A Look Back at KosherFest
Egg rolls beckoned me, and then bruschetta, sausage, dairy-free Napoleons, pickled beets. My hands teemed with sesame seed crackers, vegetable soups, pizza bagels. I sampled fish balls, gluten-free bread, Asian stir fry, vegetable sushi, roast beef. In the next row of booths, I said yes to tofu ice cream bars, coffee-infused vodka, dried fruit, gelatin-free candy, jello with kosher gelatin, hot dogs, chicken nuggets, potato pancakes, pareve bonbons. There were six more aisles to go. I was euphoric. I was bloated. It was 9:25 AM. I was at KosherFest 2010: the World’s Biggest Kiddush. And let us all say, Amen.
Hashem spoke to Moses, saying: Command the Children of Israel and say to them: My offering. My food for My fires, My satisfying aroma, shall you be scrupulous to offer to Me in its appointed time…male lambs in their first year, unblemished….with a tenth-ephah of fine flour as a meal offering, mixed with a quarter-hin of crushed oil….for a satisfying aroma…an intoxicating libation for Hashem… (Numbers, 28:1-7)
Kosher Fest, which returned to the Secaucus Exposition Center November 8-9 2011, is the largest kosher food trade show in the known world. In its 23 years, the annual event has evolved into a two-day spectacle during which over 300 vendors congregate, kibitz, connect.
There was a time when you had to get your kosher food at a kosher food store, and it was all made by three companies: Manischewitz, Rokeach and Streit. For meat, either you had a local kosher butcher or you didn’t. That was kosher food in the 1970’s. The food was too dry, too salty, or both. It came with the territory. We didn’t complain. What were we expecting, chateaubriand?
Times have changed. Twenty years ago there were 16,000 products under kosher supervision. Now there are more than 110,000 products that have a K or O-U certification. The kosher industry estimates that 85% of the kosher food purchased in the United States is bought by people who are non-religious Jews. (In 1975 my guess would have been “zero percent.”) Kosher meat is made by large, international producers like Meal Mart. Local, Abba and Eema kosher butchers are going out of business.
The global expansion of the kosher food industry is what created KosherFest, and KosherFest has paved the way for even more expansion. I had to take my belly into the belly of the beast.
The Secaucus Exposition Center is a predictably large and non-descript assemblage of unmarked, unremarkable buildings. Lost, I walked in circles until I spotted a woman wearing a denim skirt and hat to match. She led me right to KosherFest. Out front a man carrying twenty boxes of something called a “Bei’gel” was arguing with several men wearing suits and brandishing walkie-talkies, something about a no-loading zone. Men in black suits and long beards smoked cigarettes, checked their blackberries, and watched the drama unfold.

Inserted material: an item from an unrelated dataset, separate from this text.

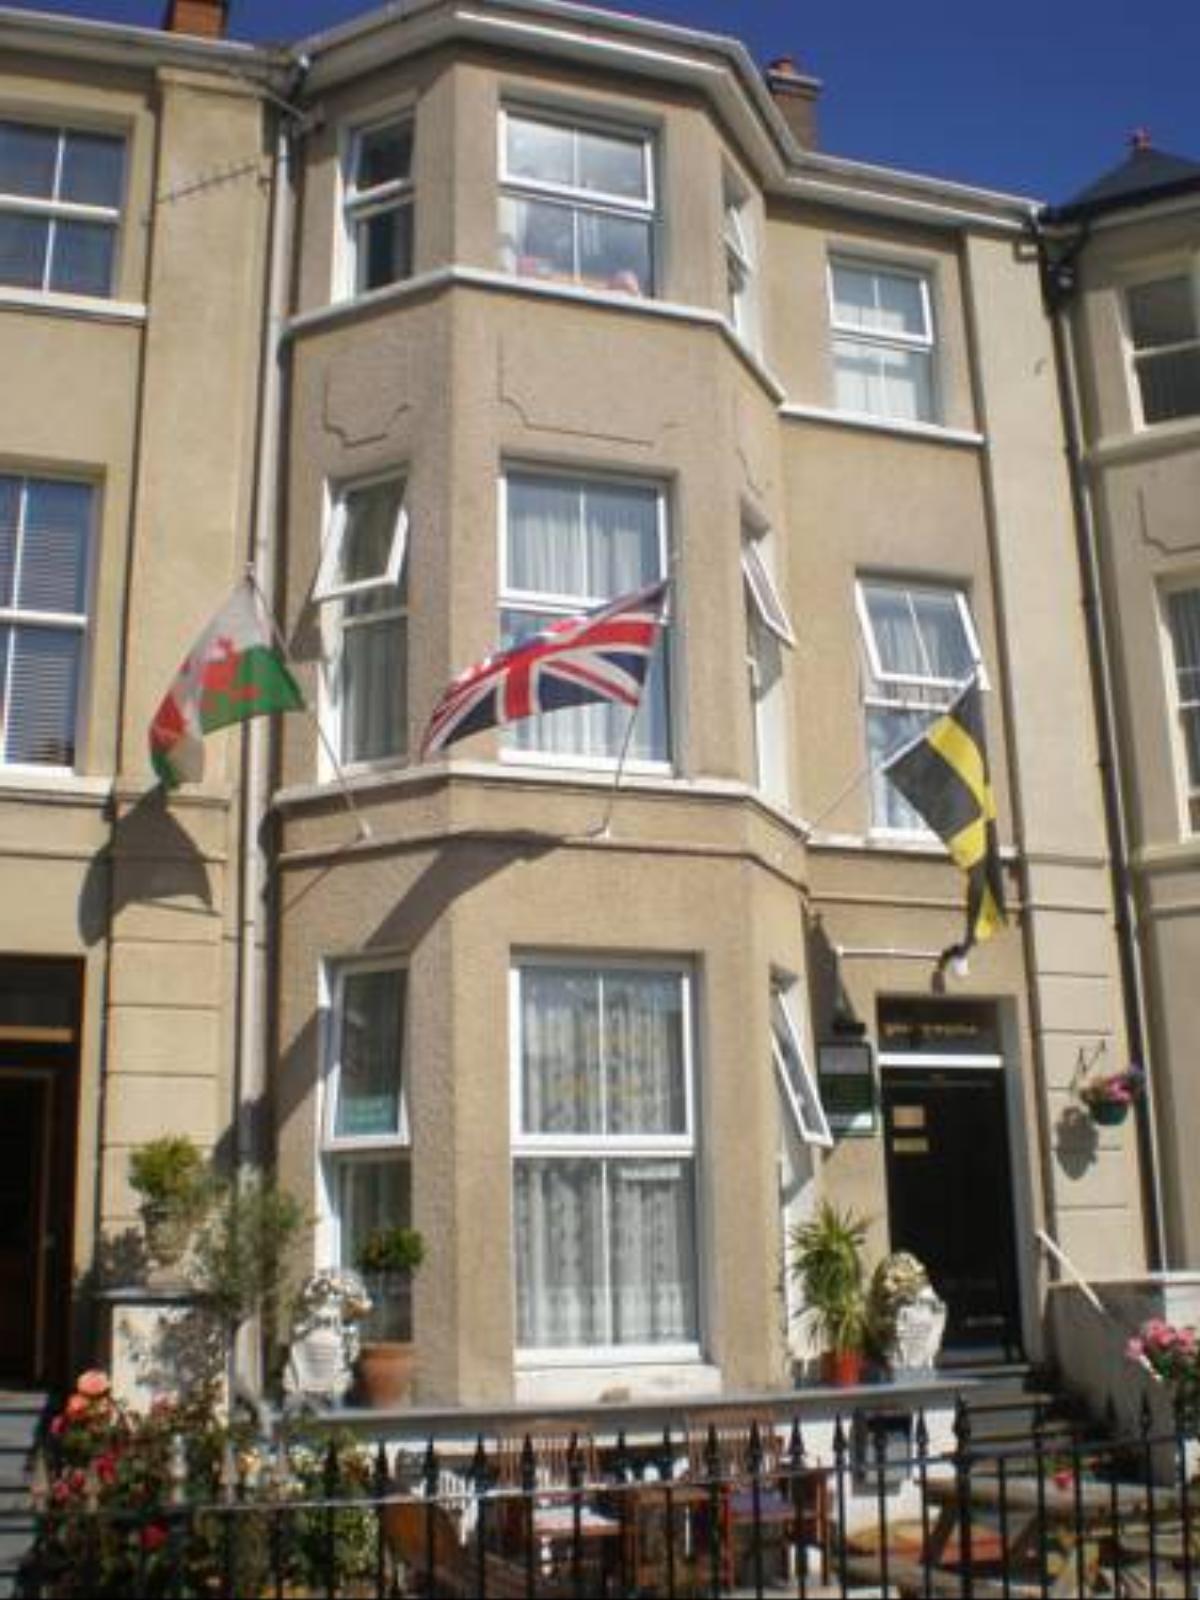 Llwynygog Guest House Hotel Aberystwyth United Kingdom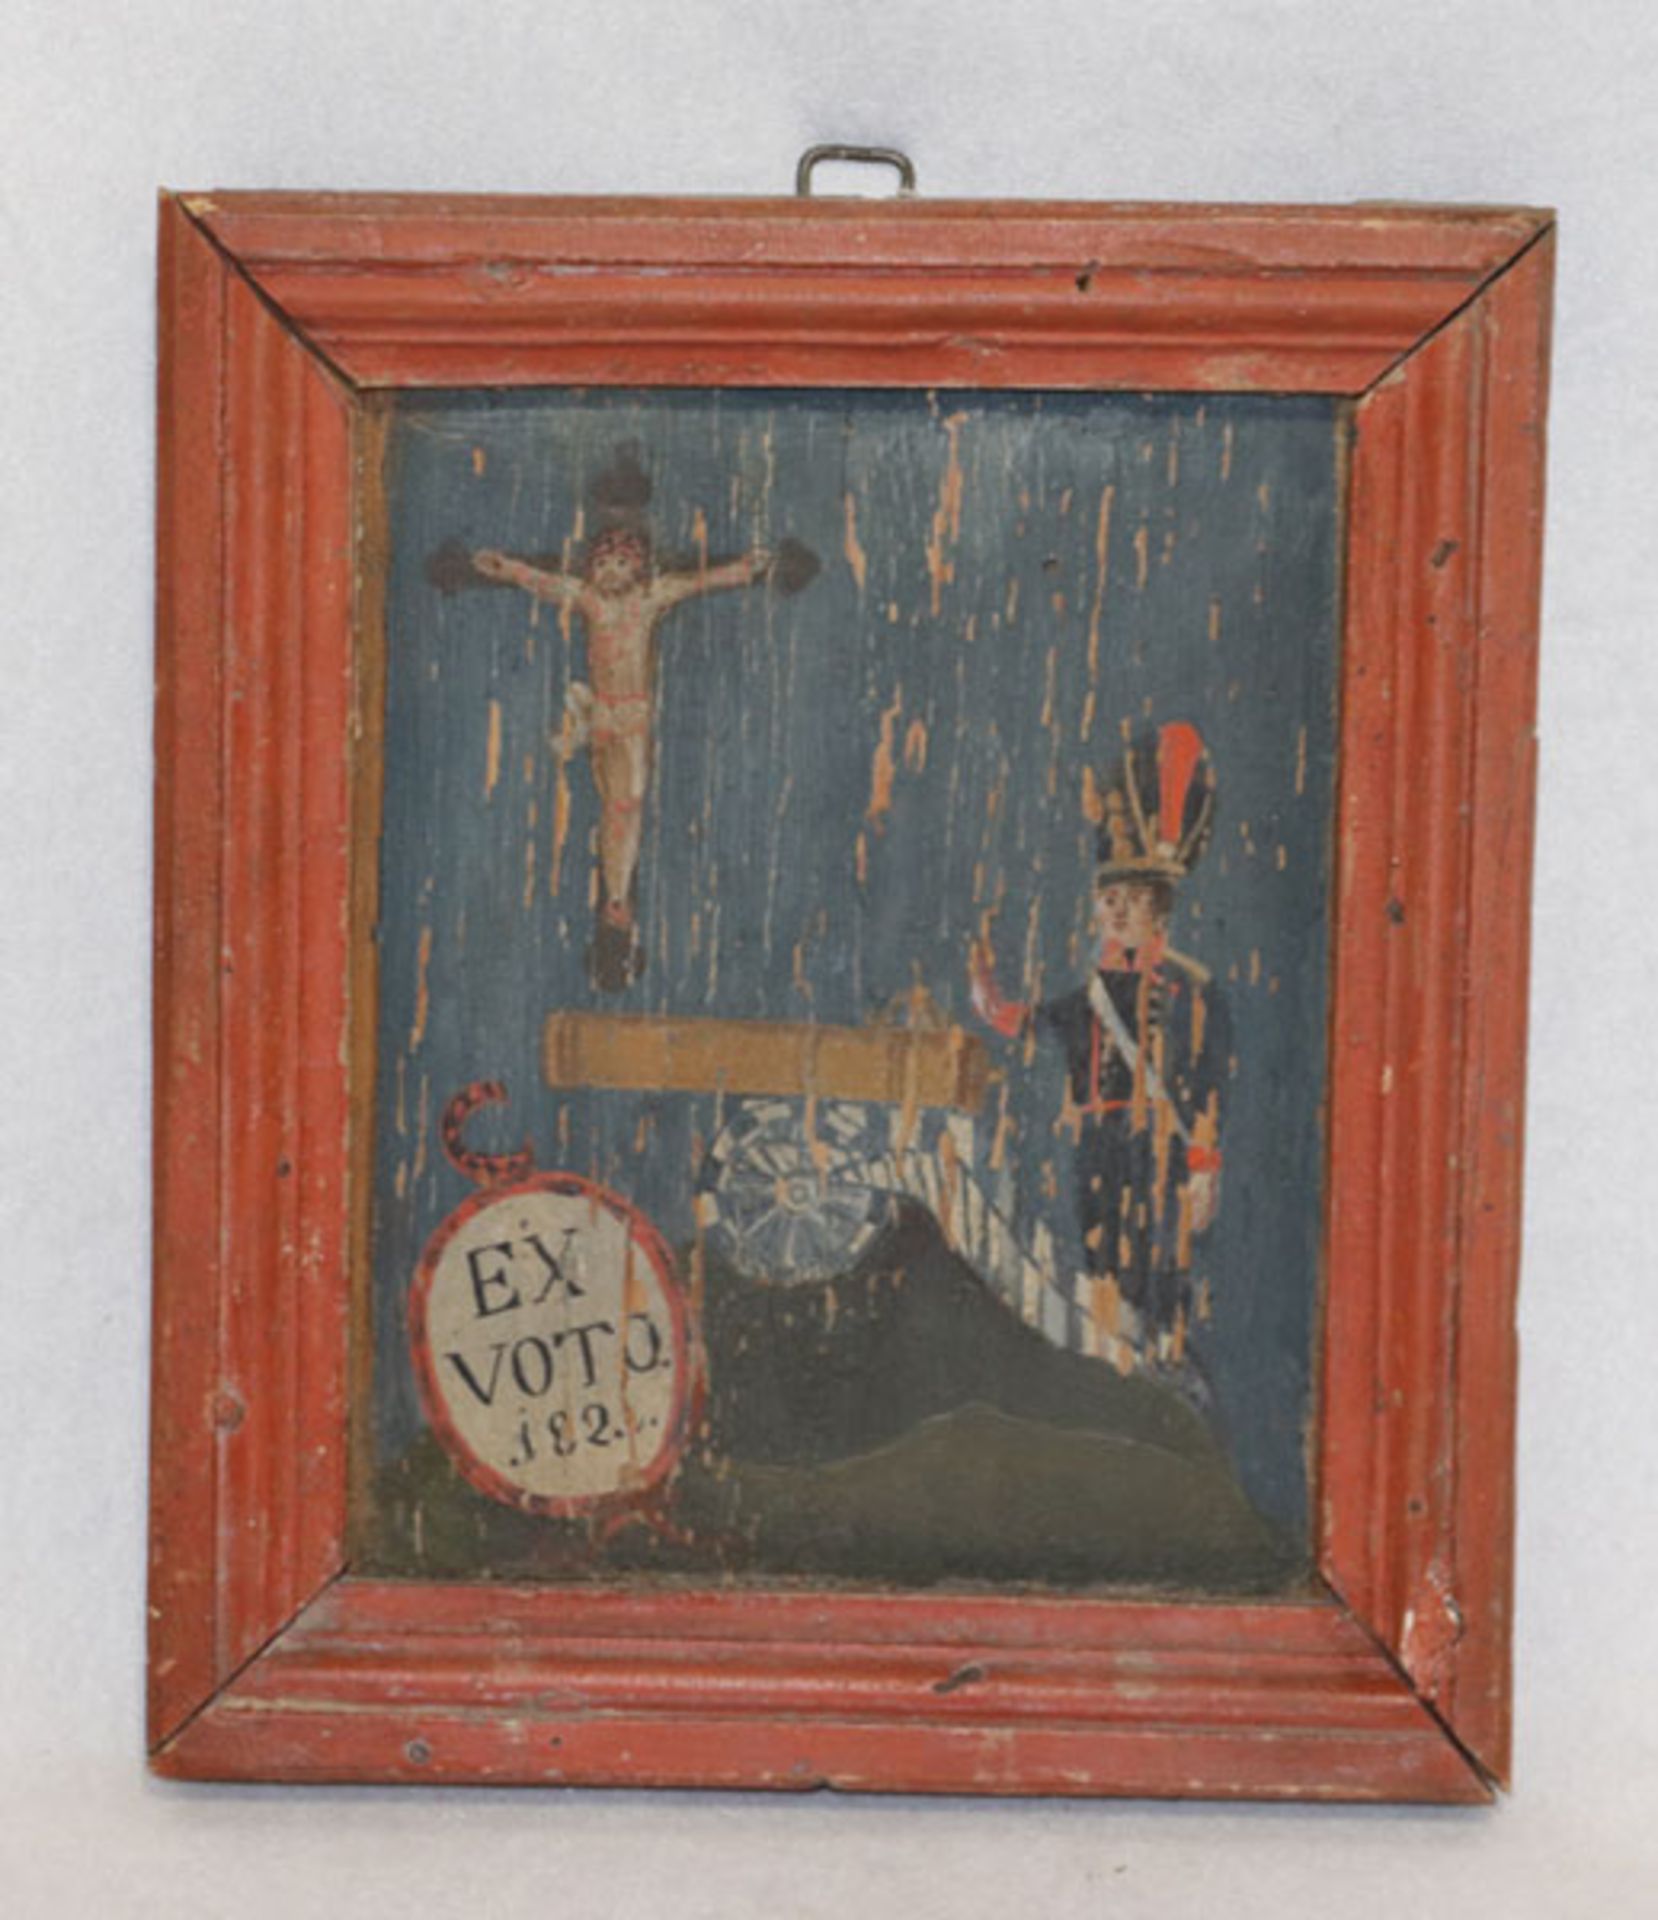 Votivtafel, EX Voto 1820, gerahmt, incl. Rahmen 23 cm x 20 cm, starke Altersspuren, Farbablösungen

I waited for security patdown – men on the left, women on the right – and walked into the cavernous convention hall. It was clear immediately that this was going to be an overwhelming experience. I headed into the conference room to catch the commencement address being given by Menachem Lubinsky, founder and impresario of KosherFest.
“There are two places in the world: New York and outside New York,” began Lubinsky. He talked about the influx of young people into the kosher consumer market, conflicts between supervising rabbis, the rise of kosher soy products, how Twitter has affected shopping habits: “One mom goes to the store and 20 minutes later all the strawberry jam is gone.”
“The Kosher industry has finally figured out its consumer,” continued Lubinsky. “The first KF was nine people serving potato kugel. How many kugels do you see today?”
After the talk a marketing rep for Albertson’s was talking shop. New kosher grocery stores and kosher bakeries in Chicago. Clifton, New Jersey. Texas. Raleigh. In mid-sentence he grabs a man’s arm as he is walking by.
“I hear we have babka in a box….”
“Don’t tell anybody!”
There were 209 food exhibit booths, and one booth for mincha services.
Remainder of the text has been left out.